### Exercise details
Exact copy, no pictures: every line from the one that contains "Textured Weave Stretch" through the end of the data below, and nothing else.

### Data below
"""
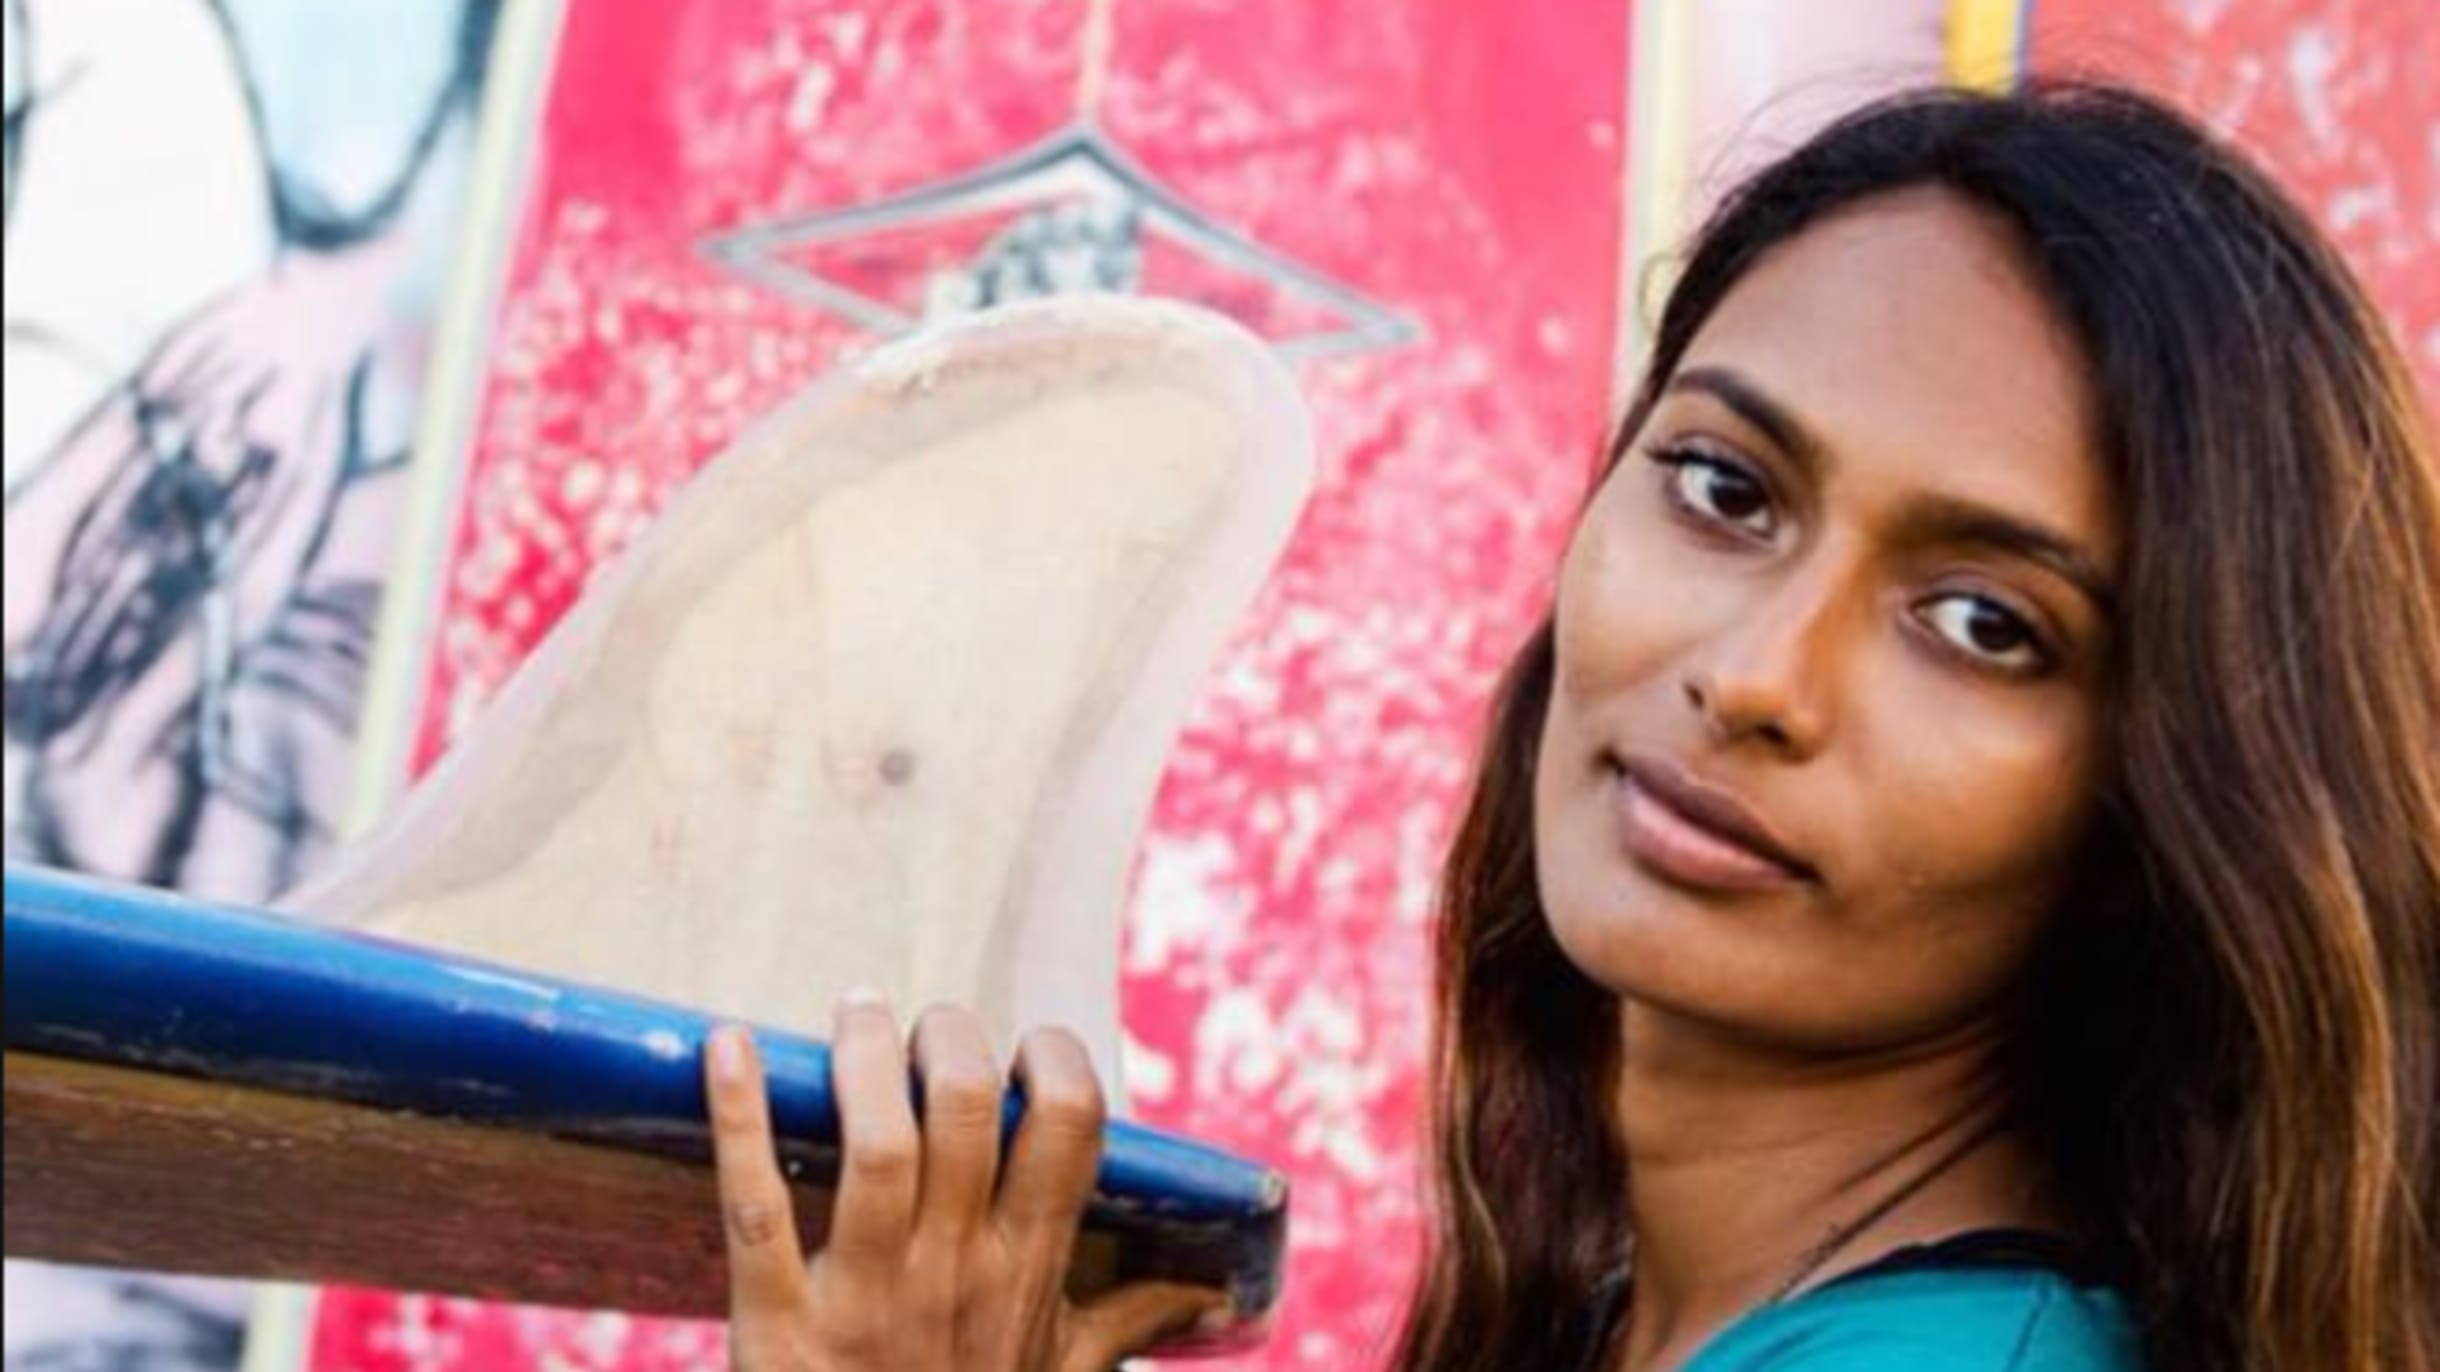 India's First Female Surfer Stars in ROXY Campaign
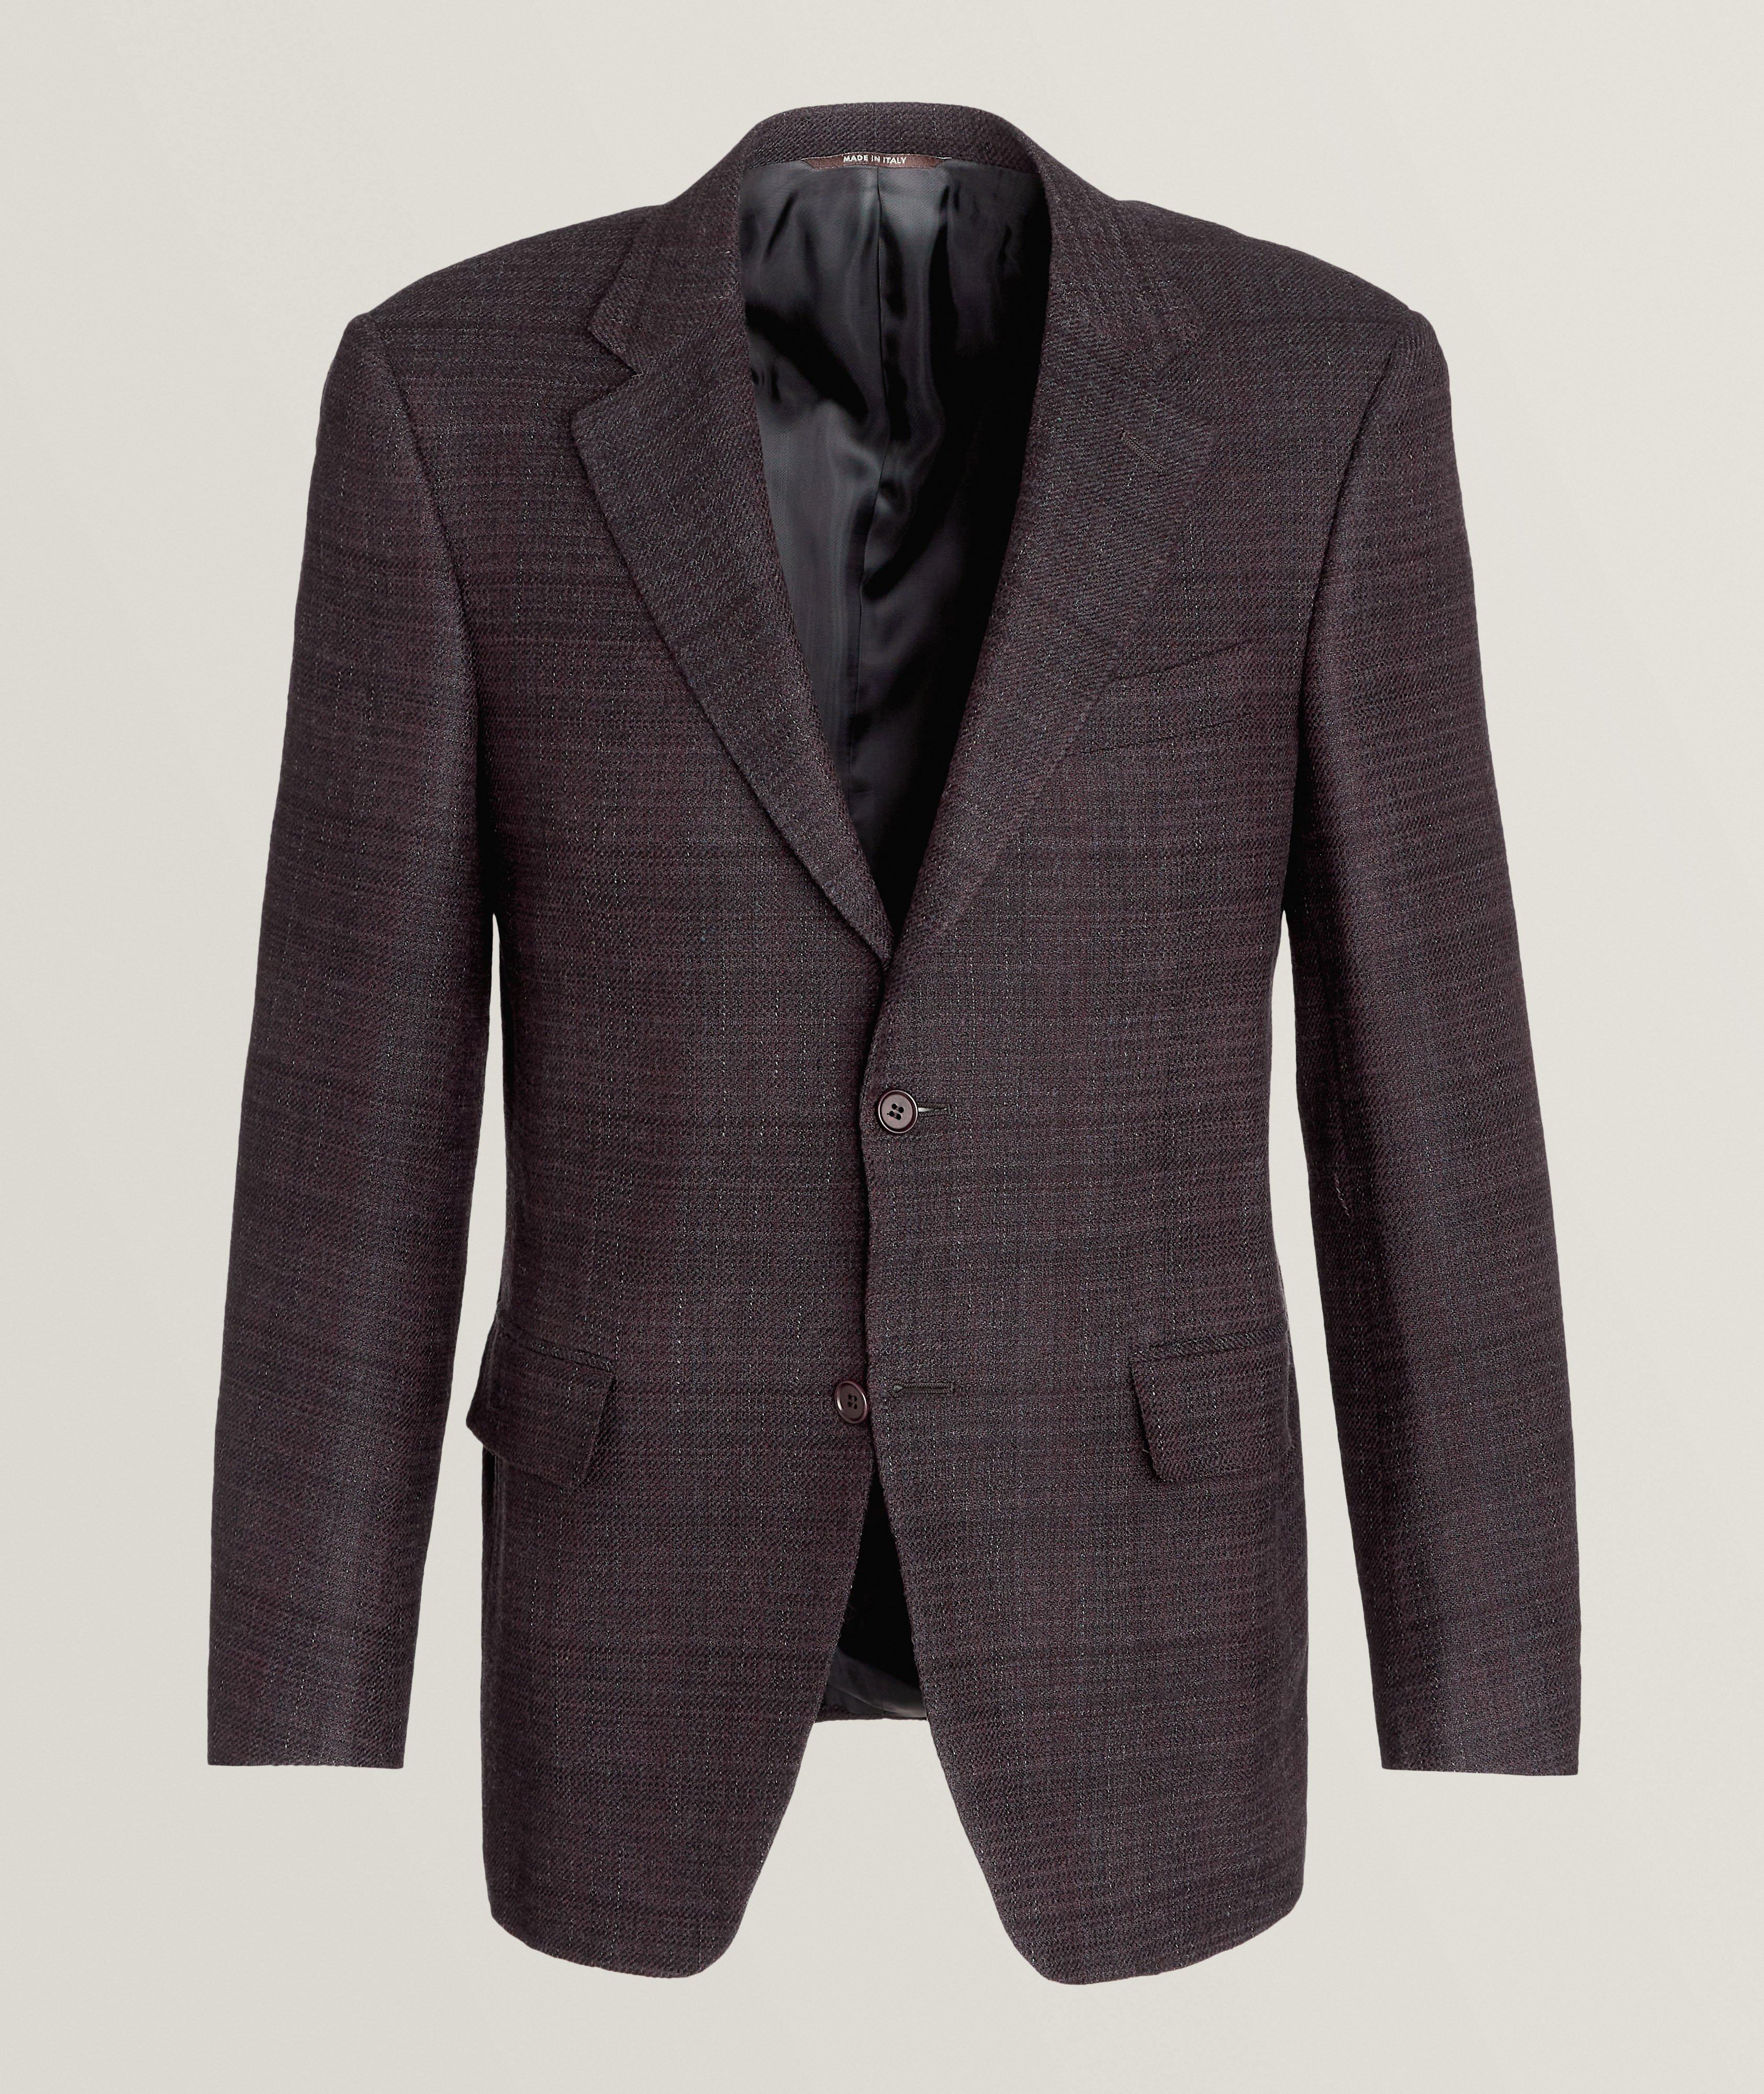 Textured Weave Stretch Wool-Cashmere Sport Jacket image 0
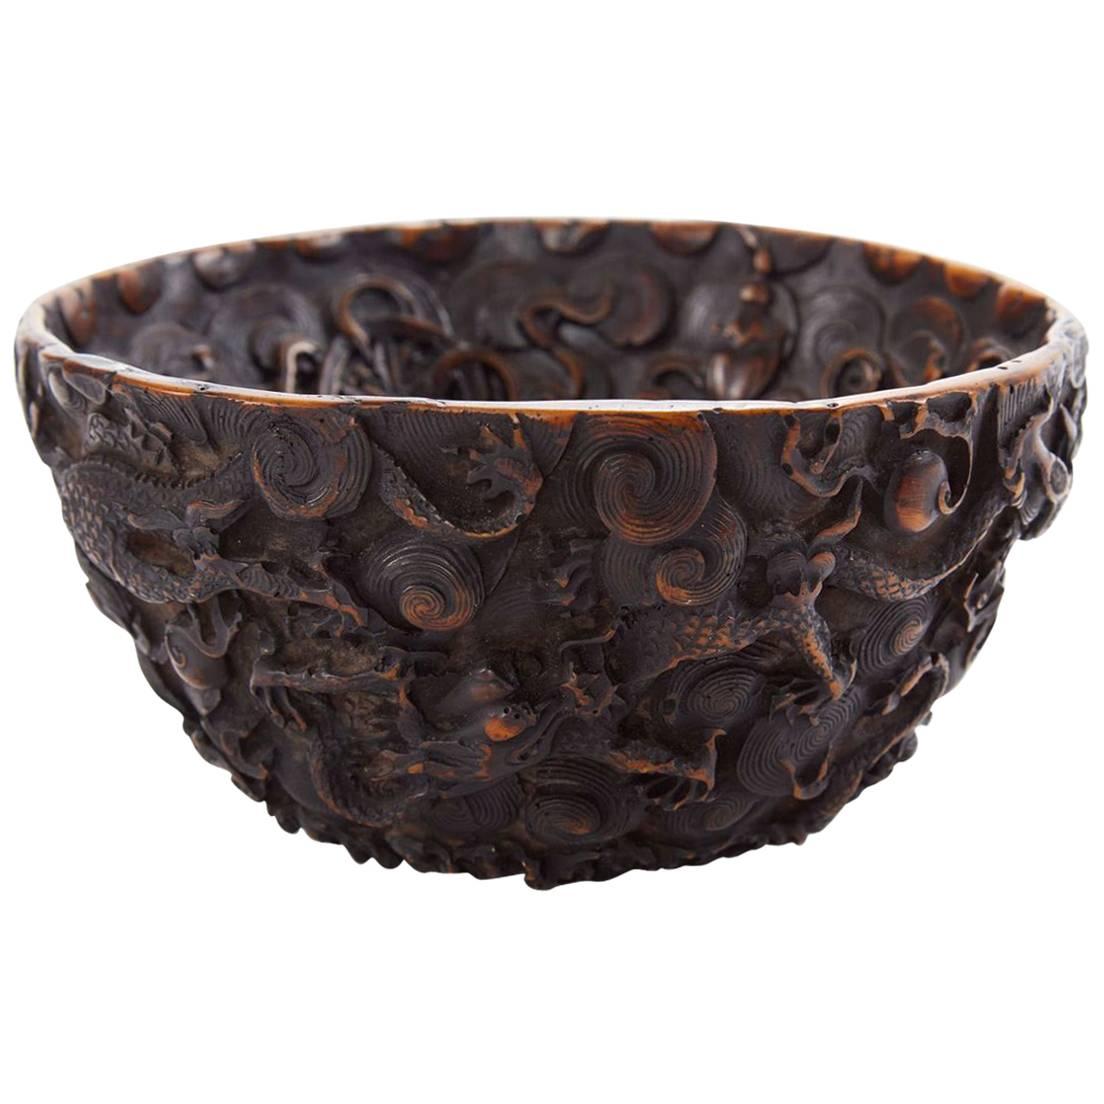 19th Century Black Forest 'German' Carved Bowl
"""
### Result of the task
 Textured Weave Stretch Wool-Cashmere Sport Jacket image 0
 19th Century Black Forest 'German' Carved Bowl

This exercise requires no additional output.